Pro Tip: Use specialized AI tools for the experimentation and analysis processes and craft highly targeted and personalized offers at scale. You can also employ AI tools to monitor how each offer is impacting your customer retention rate, allowing you to optimize your strategy fully.

4. Implement a Meaningful Referral Program

A referral program is one of the most effective ways to improve your customer retention rate. It’s a great way to get new customers, but it’s also an opportunity to strengthen relationships with existing ones. 

The idea behind a referral program is simple: when someone purchases something from you, they get rewarded for sharing the information with others. In other words, they get paid for doing what they’d probably do anyway — tell their friends about their experience with your business.

Take Braxley Bands’ referral program, for instance:


There’s a 20% off the purchase when you refer a friend – for you and the friend. 

Braxley Bands also introduced a small reward of a $100 gift card (that’s essentially three more bands for the advocate). All the advocate needs to do is spread the word.

Andrew Cussens, Owner & Director, FilmFolk, also suggests, 

“Referral programs allow you to reward your customers, which makes them feel valued, making them opt to remain loyal to the company. Simultaneously, a robust referral program helps you acquire new customers. 

Studies also show that customers gained through referrals are nearly 40% more likely to remain loyal to the brand. Hence, referral programs are an effective way of boosting your customer retention rates.” 

5. Use Surveys to Collect Customer Feedback

Surveys are a great way to collect feedback from customers. They can tell you how satisfied your customers are with your products, services, and company as a whole.
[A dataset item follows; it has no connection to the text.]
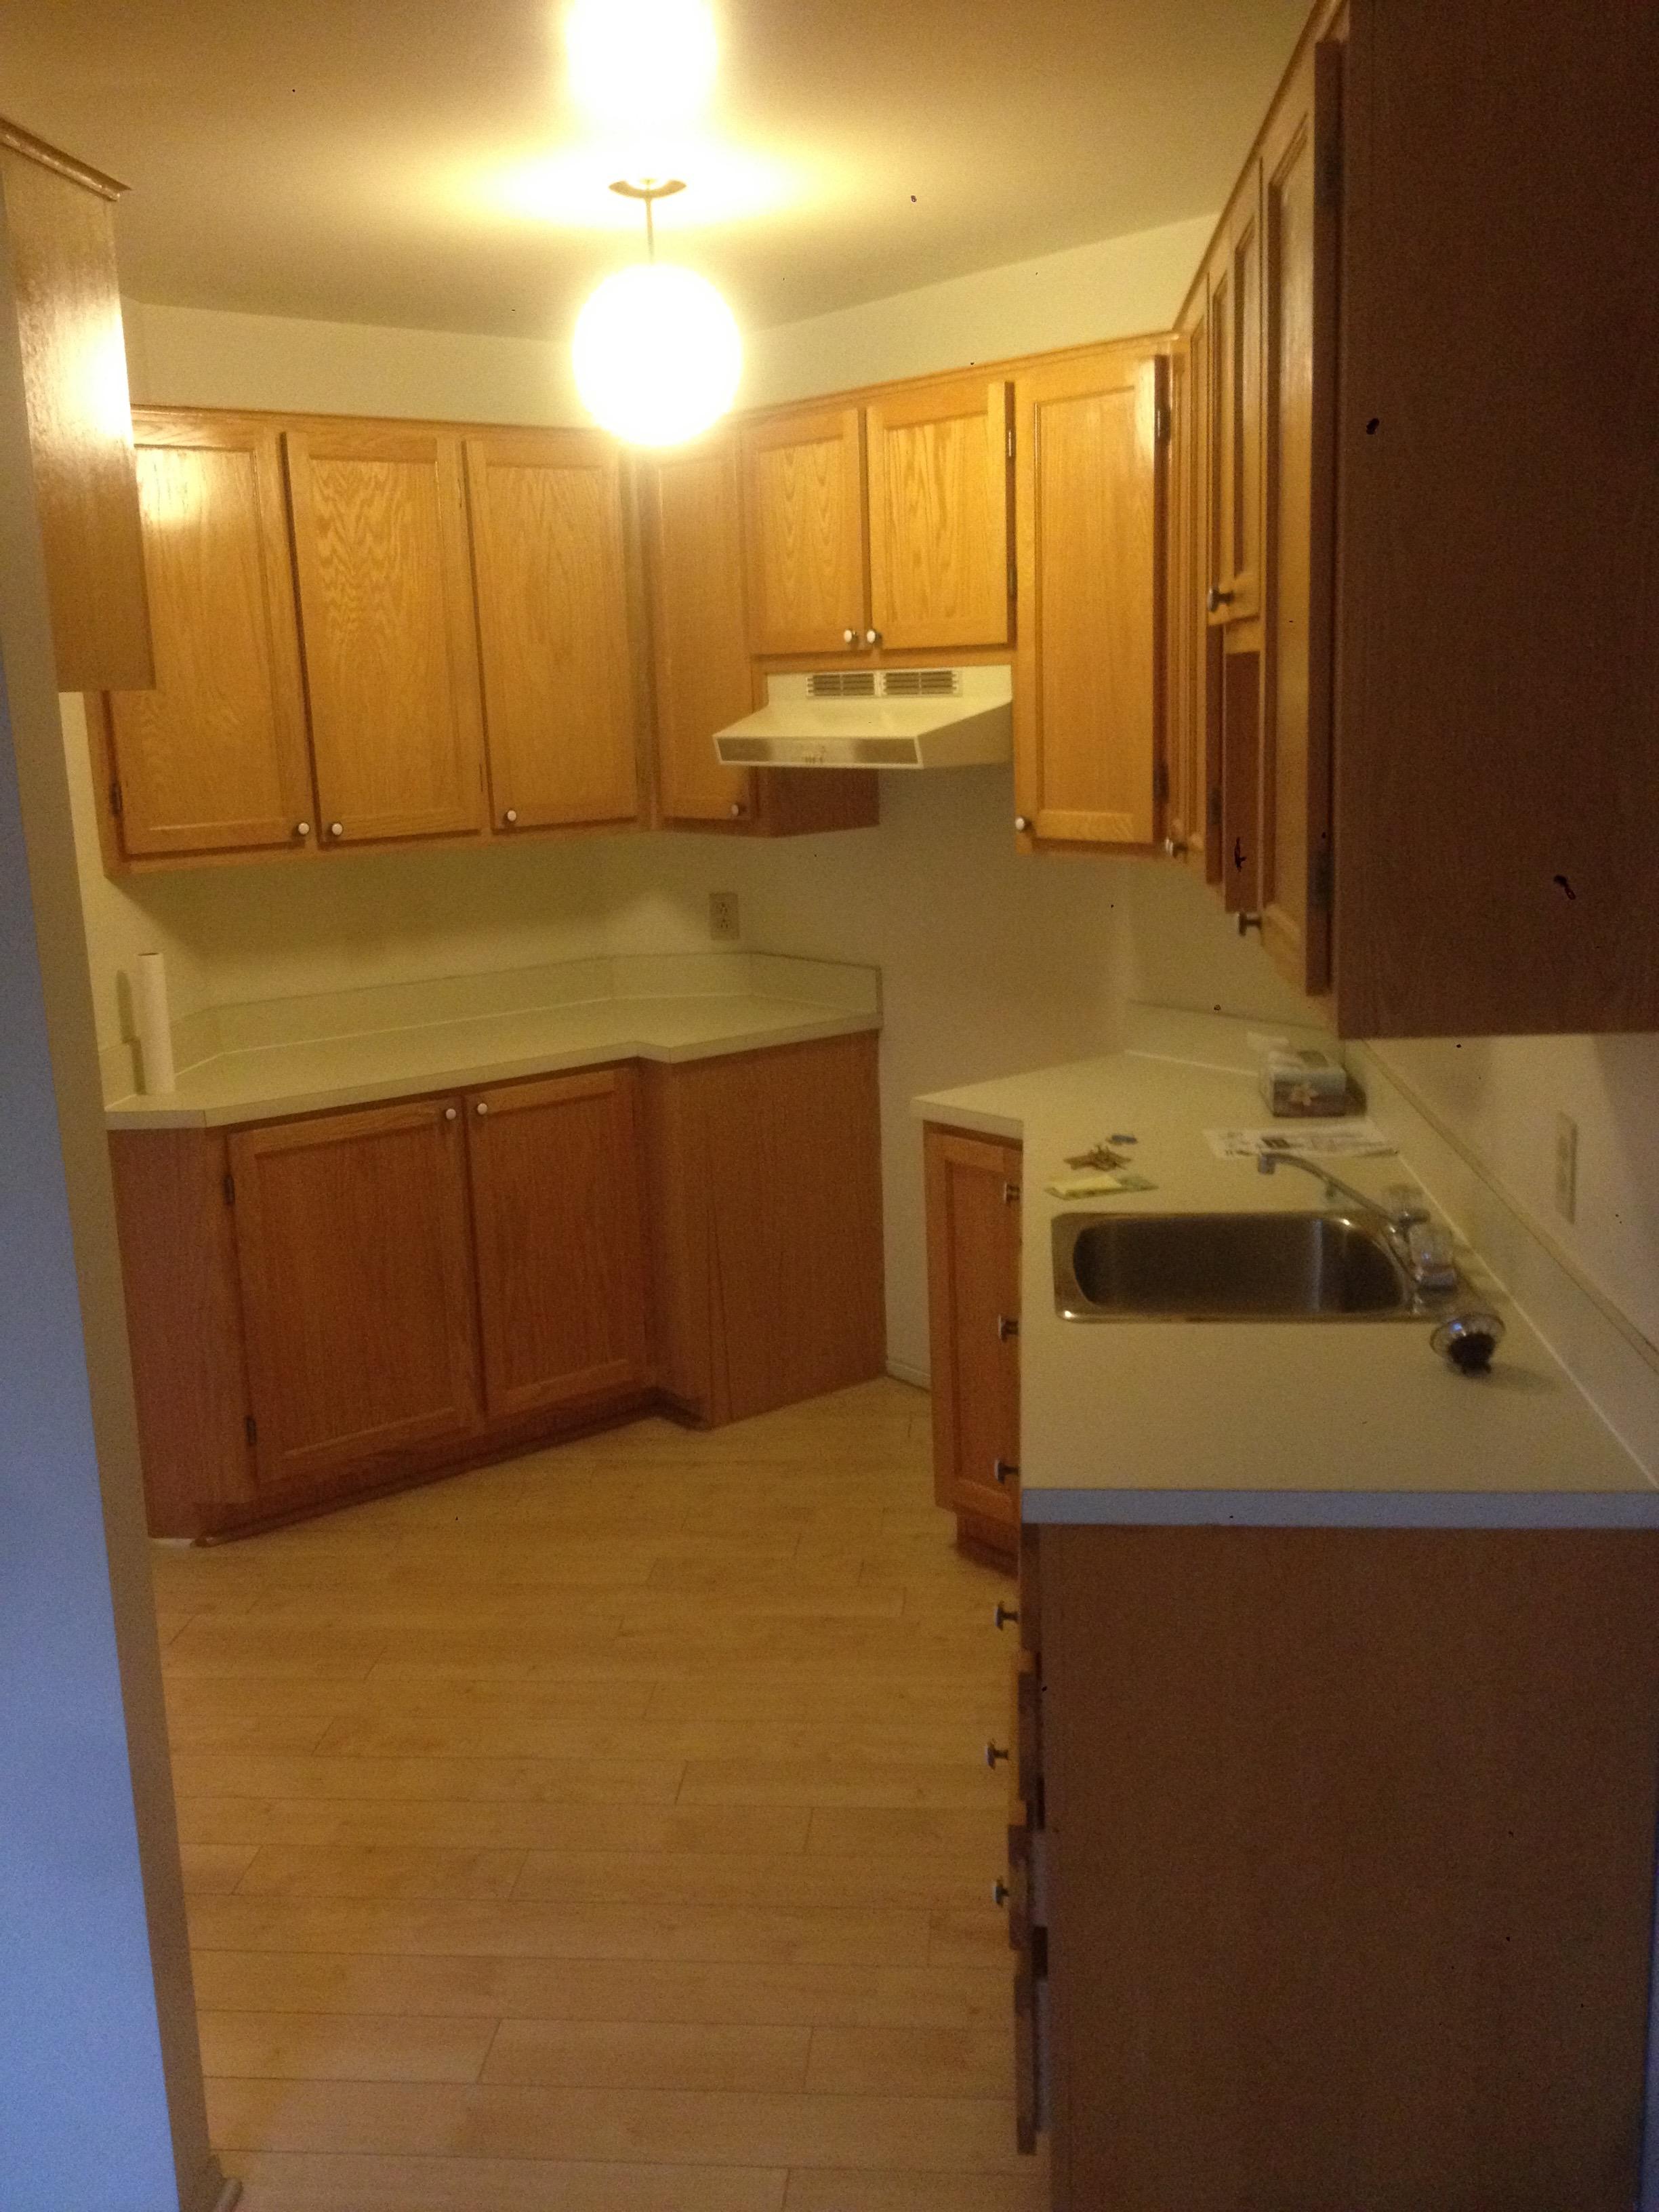 2 bedroom Apartments for rent in Sainte-Anne-de-Bellevue at Maple - Photo 05 - RentersPages – L112103

There are many reasons why it’s important to gather this information. 

One reason is that it will help you make decisions about your business based on what your customers want. For example, if you find out that most of your customers prefer one type of product over another, then you can decide whether to continue selling the product that’s not selling well or stop selling it together.

Another reason is that surveys can help you find out what improvements need to be made in order to keep customers happy and coming back for more. If they’re dissatisfied with something about your business — such as shipping times or customer service — then having the results from a survey can help you make the necessary changes so that they’ll continue doing business with you.

You can also use surveys to:

  • Gather feedback about your products or services and how well they meet the needs of your customers.
  • Learn about your customer’s experience with your company and employees.
  • Identify areas where you need to improve, such as customer service or product quality.
  • Create more personalized services for individual customers based on their needs and preferences.

For instance, Mack Weldon sends feedback emails to their shoppers after they make a purchase. The product they bought is front and center and has a click-to-rate widget.


You will also see a personalized product carousel closing off the email. There are other products other shoppers bought next to their star rating, encouraging you to make another purchase, especially if you are satisfied with their first purchase. 

Karden Rabin, Co-Founder of CFS School, also suggests getting customer feedback to improve your operations.

Rabin suggests, 

Yes, it’s helpful to know what’s working, but even more helpful to know what’s not working. Under 10% of customers write reviews, good or bad, and ideally, you want to learn how to improve without that criticism being made public. 

Luckily, many people who take issue with a point of sale will tell you all about it if you make it easy for them. Sending follow-up emails asking for feedback takes the customer under a minute to share their thoughts. 

The information you learn from these can mean not making the same mistake twice and risk losing customer loyalty in the future. Bonus points go to companies that can respond to feedback that reflects positively on the company and thus build trust with customers.

6. Use Cohort Analysis to Understand Consumer Behaviors

One way to improve your customer retention rate is through cohort analysis, which looks at the behavior of groups of customers over time. Cohort analysis helps you identify what factors contribute to customer retention and how to apply those findings in your business.

Why is Cohort Analysis Important?

When you want to understand why some customers are leaving you, the first step is determining what happened in their lives that caused them to leave. If you can identify the specific events (e.g., a competitor offered a discount) and their impact on your business, then you can take action to prevent those same events from happening again.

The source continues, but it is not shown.